The Pennsylvania Supreme Court has agreed to hear arguments over which factors are required to disqualify someone from possessing a firearm.

In Navarro v. Pennsylvania State Police, the justices granted allocatur Dec. 18 to review a Commonwealth Court ruling that an administrative law judge of the state Attorney General's Office improperly denied plaintiff Richard Navarro's application for return of a firearm without showing that the weapon was involved in interstate or foreign commerce.

In November 2013, Navarro pleaded guilty to two first-degree misdemeanor counts of forgery and was sentenced to 24 months of probation, according to the lower court's May opinion. In October 2016, Navarro submitted an application for return of a firearm and was denied after a Pennsylvania Instant Check System report, which listed him as disqualified based on his 2013 convictions.

When Navarro challenged the decision, he was informed in a letter from the Pennsylvania State Police that his application had been denied pursuant to Section 922(g) of the federal Gun Control Act (GCA). Navarro appealed and, in 2017, an ALJ, agreeing with the PSP's decision, denied his application.

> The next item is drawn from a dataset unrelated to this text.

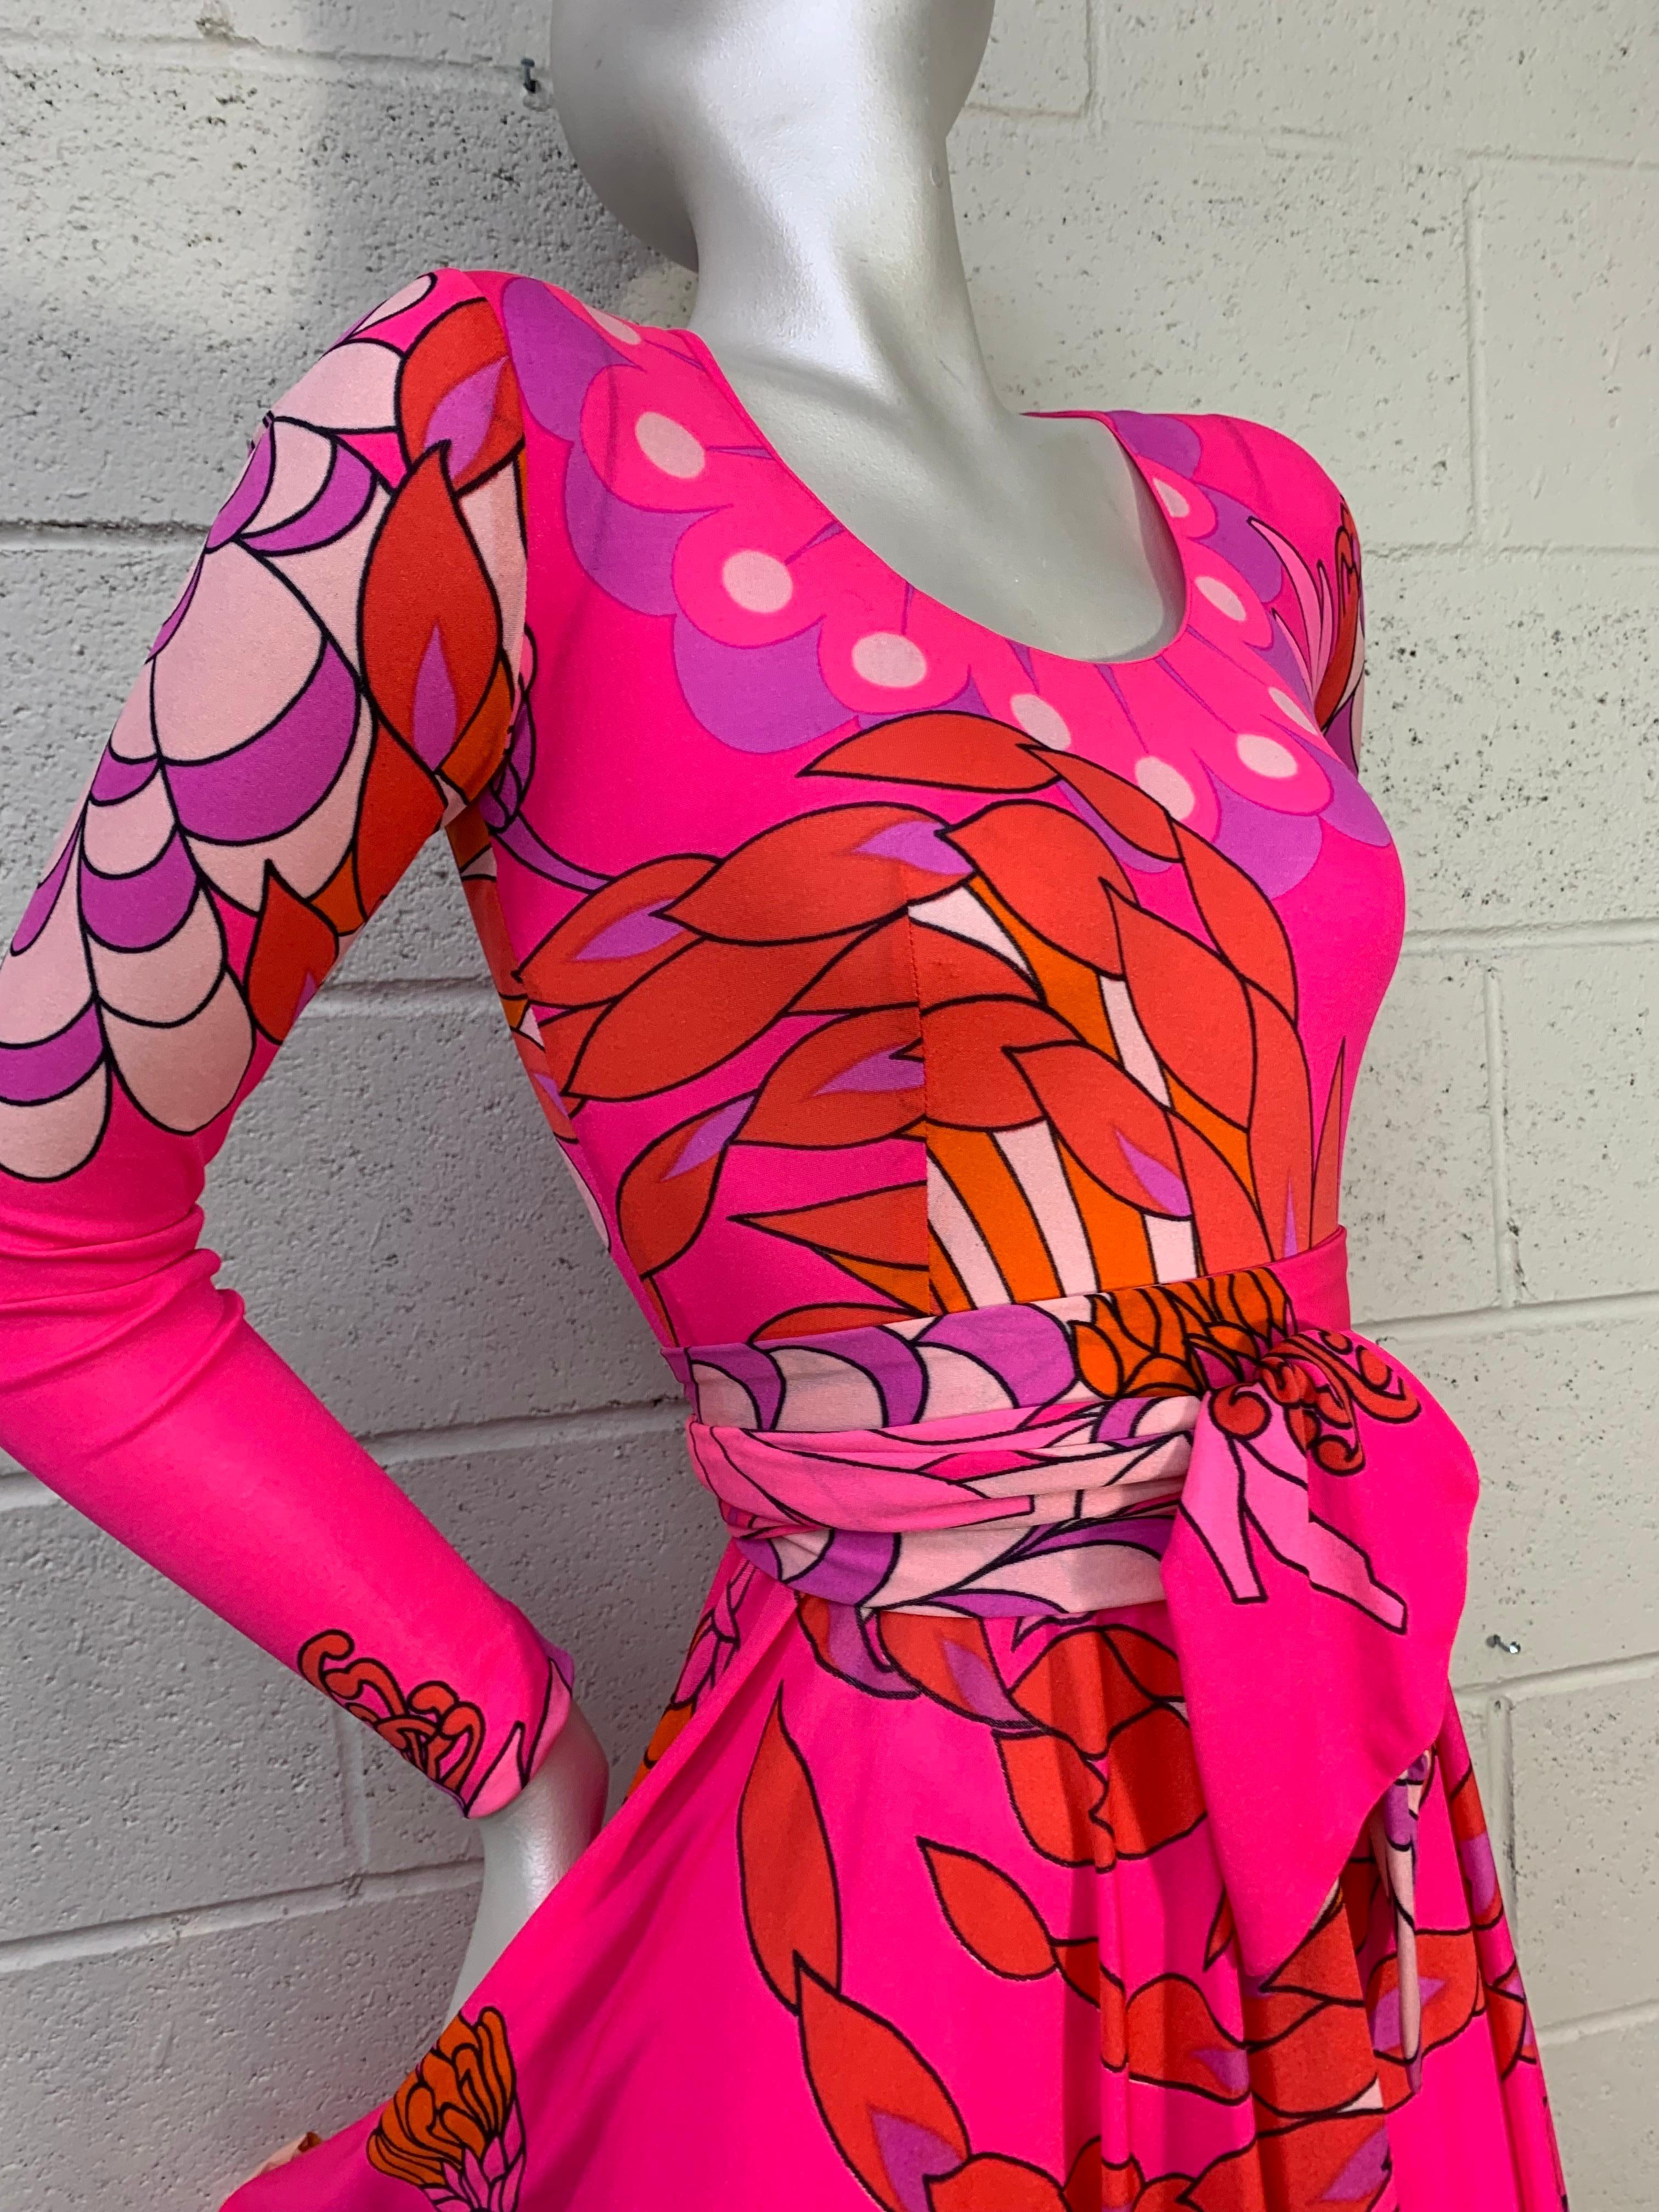 1970s La Mendola Fluorescent Pink Mod Floral Print Silk Jersey Day Dress w Flair:  A wild and vivacious classic La Mendola print in the brightest pink with red, orange and lavender compliments make this bold, tropical print perfect for a summer

Judge Christine Fizzano Cannon, writing for a unanimous three-judge Commonwealth Court panel in May, said the Pennsylvania Uniform Firearms Act (PUFA) requires the PSP to determine whether a potential purchaser or transferee of a firearm has a criminal history that disqualifies them under state or federal law. Triggering of Section 922(g) of the GCA, meanwhile, requires proof of two things: (1) a disqualifying conviction, and (2) that the firearm at issue was involved in interstate or foreign commerce.

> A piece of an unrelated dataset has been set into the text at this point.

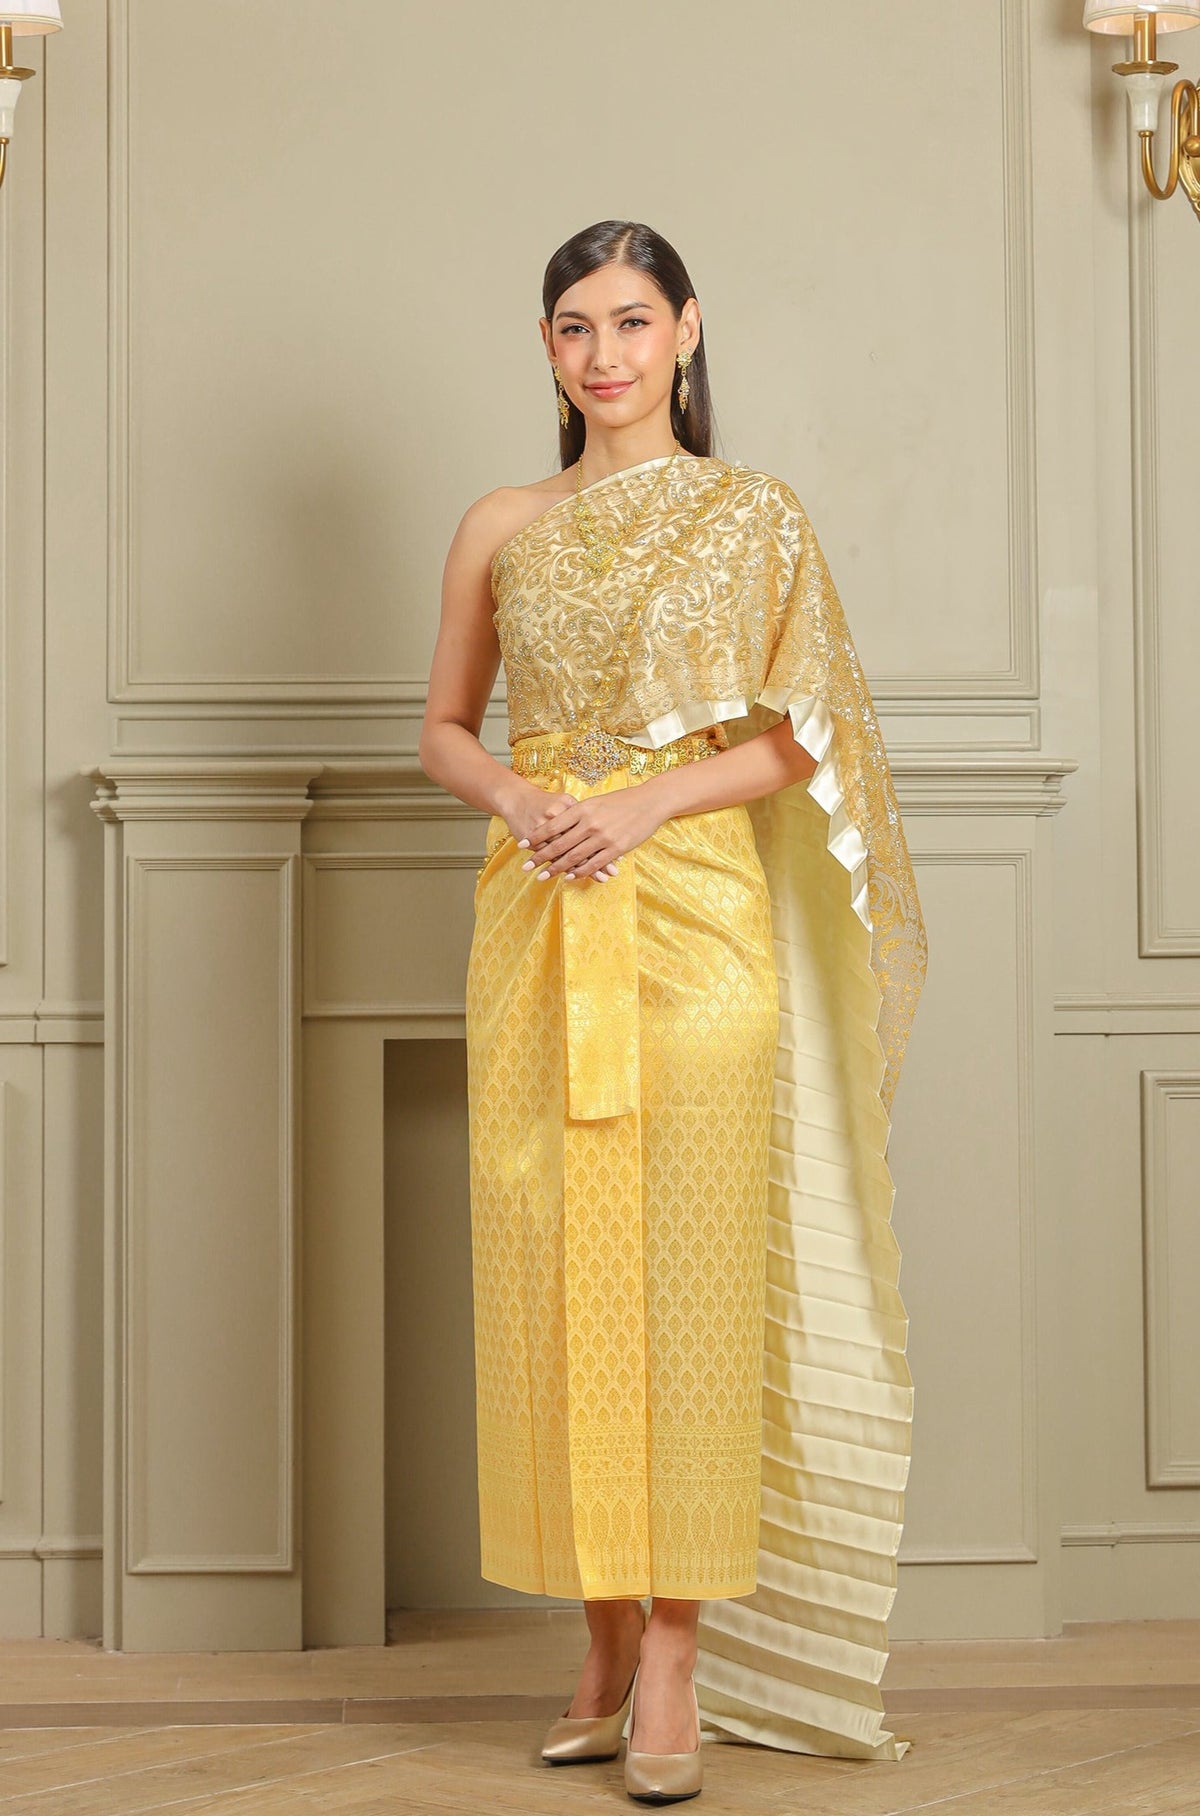 A classic gold traditional Thai dress to celebrate your special day.

“Therefore, per the language of the statute, without proof that the firearm sought to be purchased, possessed, or received moved in interstate commerce, GCA Section 922(g) would not apply regardless of whether or not the individual in question had a disqualifying criminal offense,” Cannon said. “Such proof need not be extensive, but it must be present in some form to trigger the application of Section 922(g).”

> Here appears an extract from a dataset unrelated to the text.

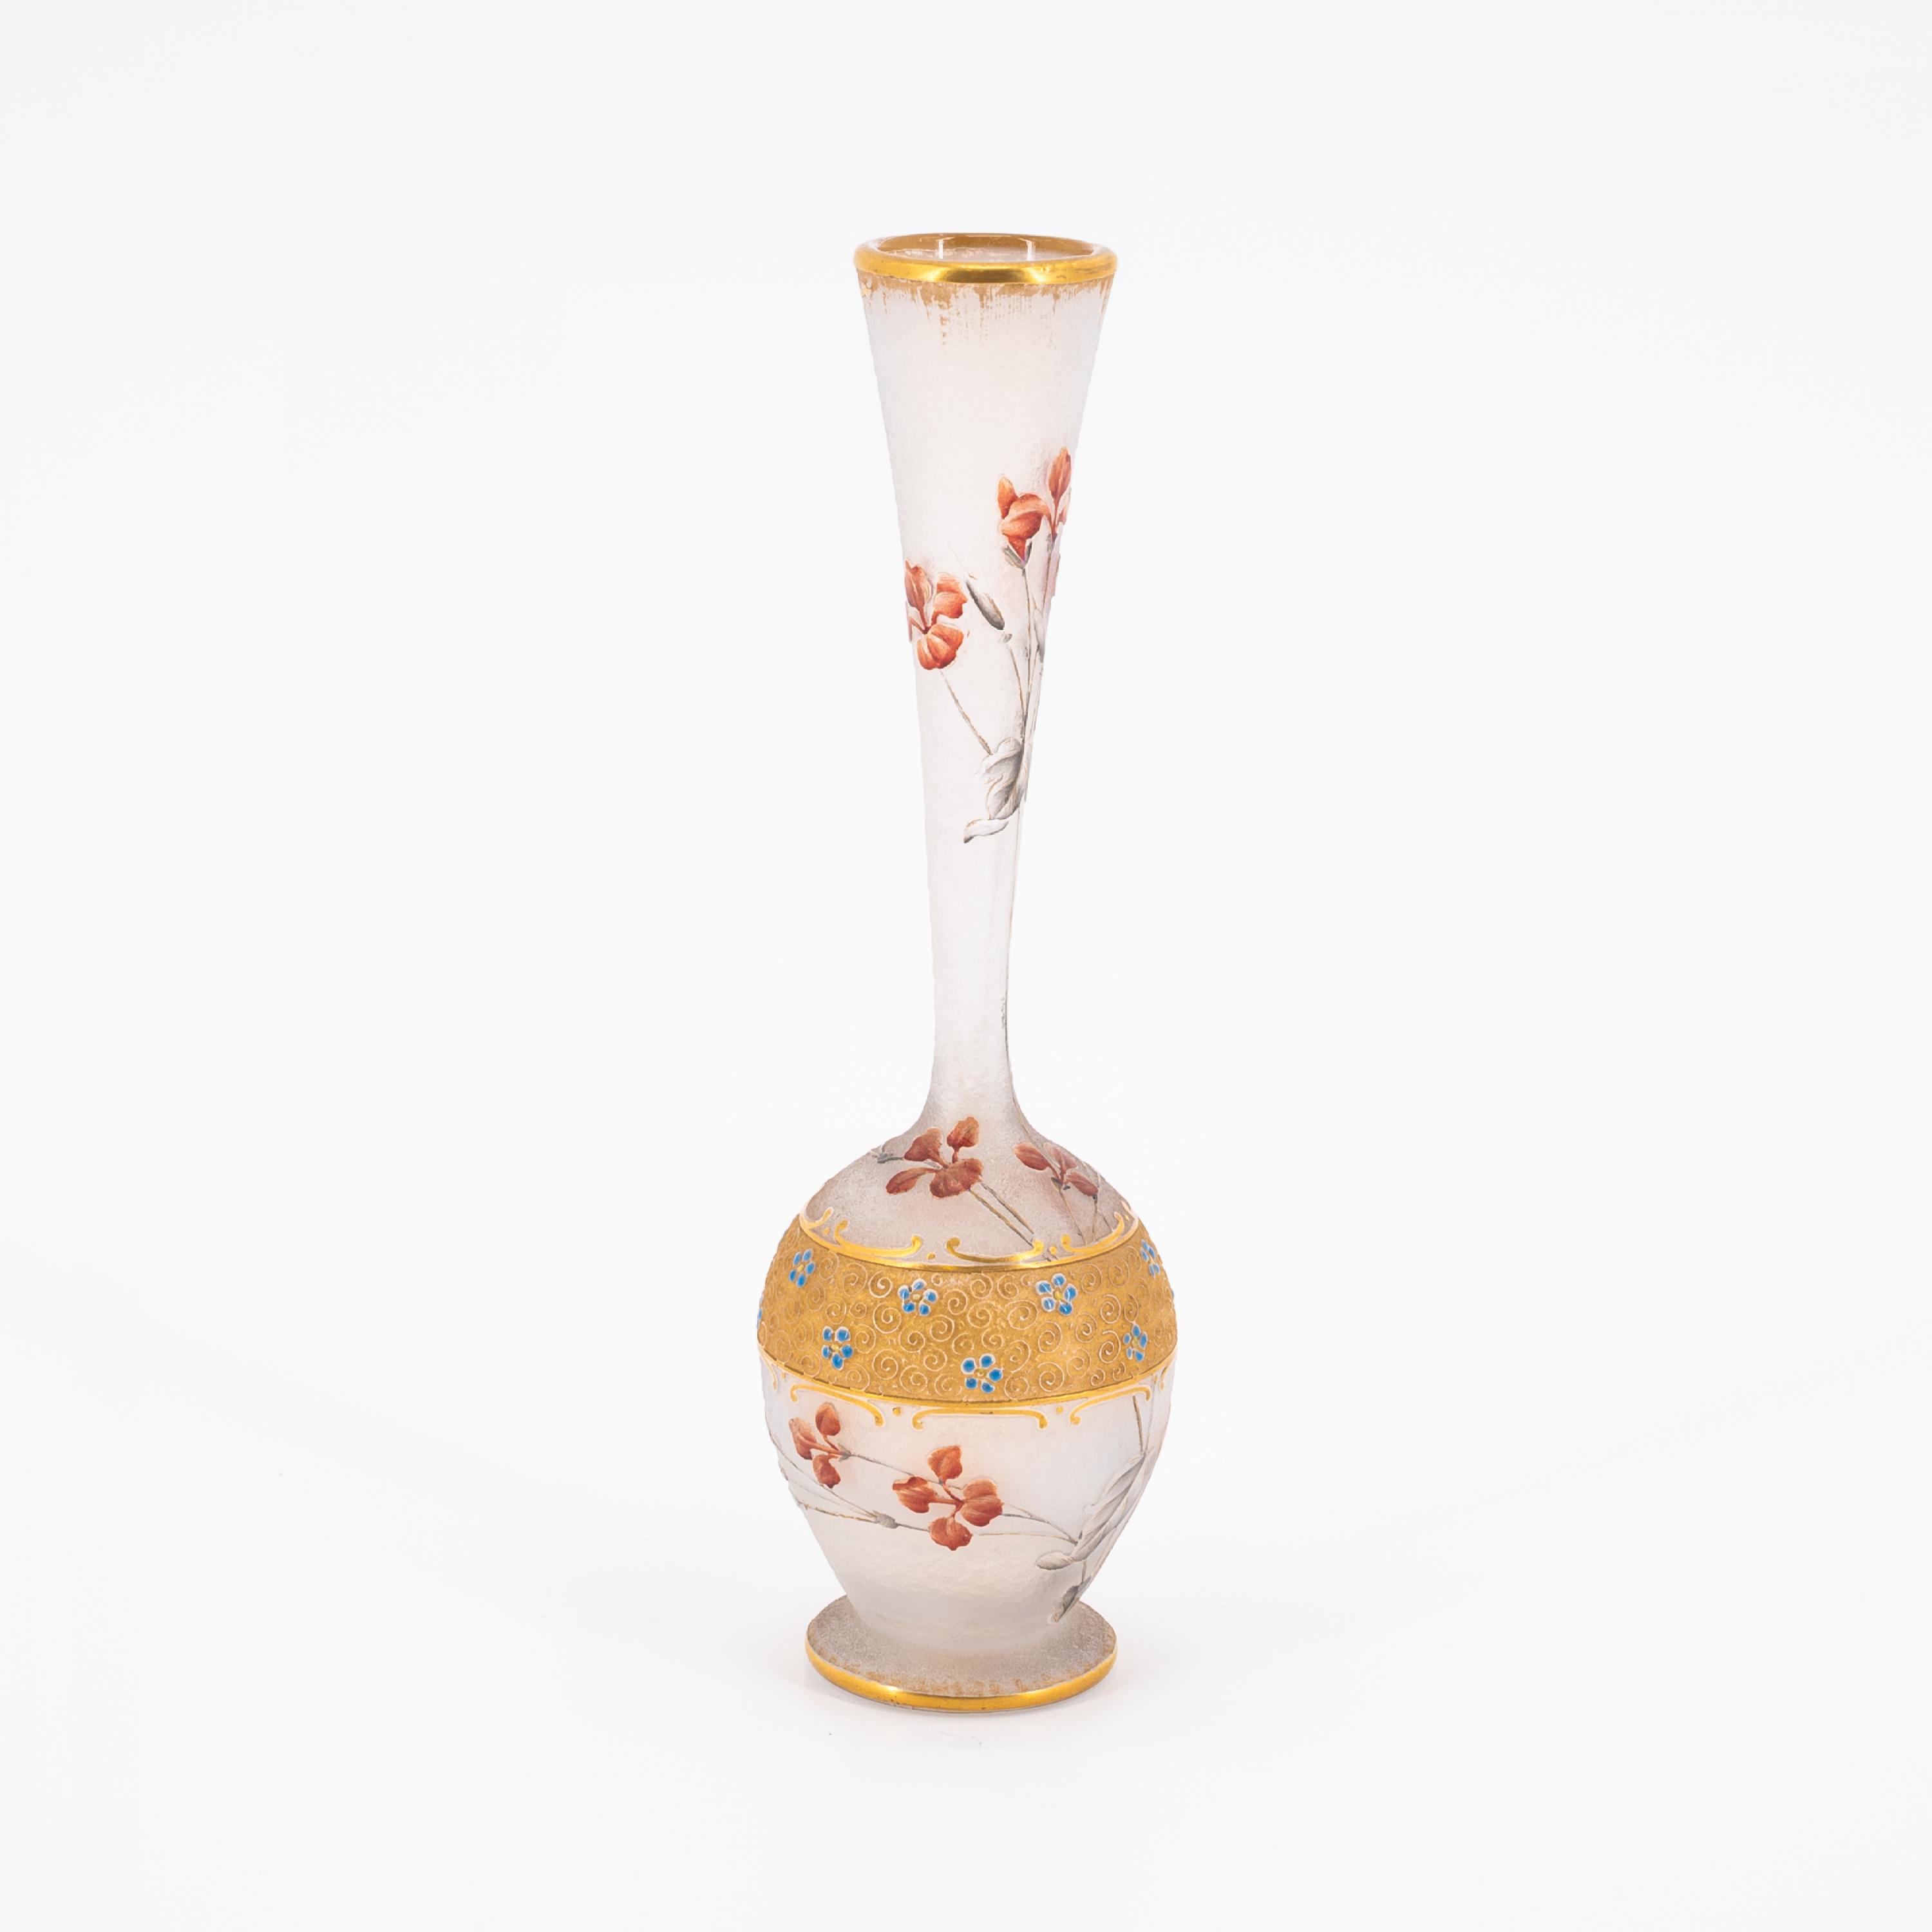 SMALL GLASS VASE WITH GOLD BORDER AND FINE FLORAL PATTERN - Image 4 of 6

Cannon, joined by Judge Robert Simpson and Senior Judge Bonnie Brigance Leadbetter, said the ALJ improperly denied Navarro's application without making any findings that the weapon was involved in interstate or foreign commerce. The court vacated the ALJ's decision and remanded for further proceedings.

On appeal to the Supreme Court, the state is asking the justices whether the Commonwealth Court was wrong to upend the ALJ's decision since PUFA itself does not require a showing that the firearm in question was involved in interstate or foreign commerce.

A spokesman for the State Police said the office does not comment on pending litigation.

Navarro, who is pro se, said he thought it was a good thing that the Supreme Court had agreed to hear the case.

“I hope my argument was convincing,” he said.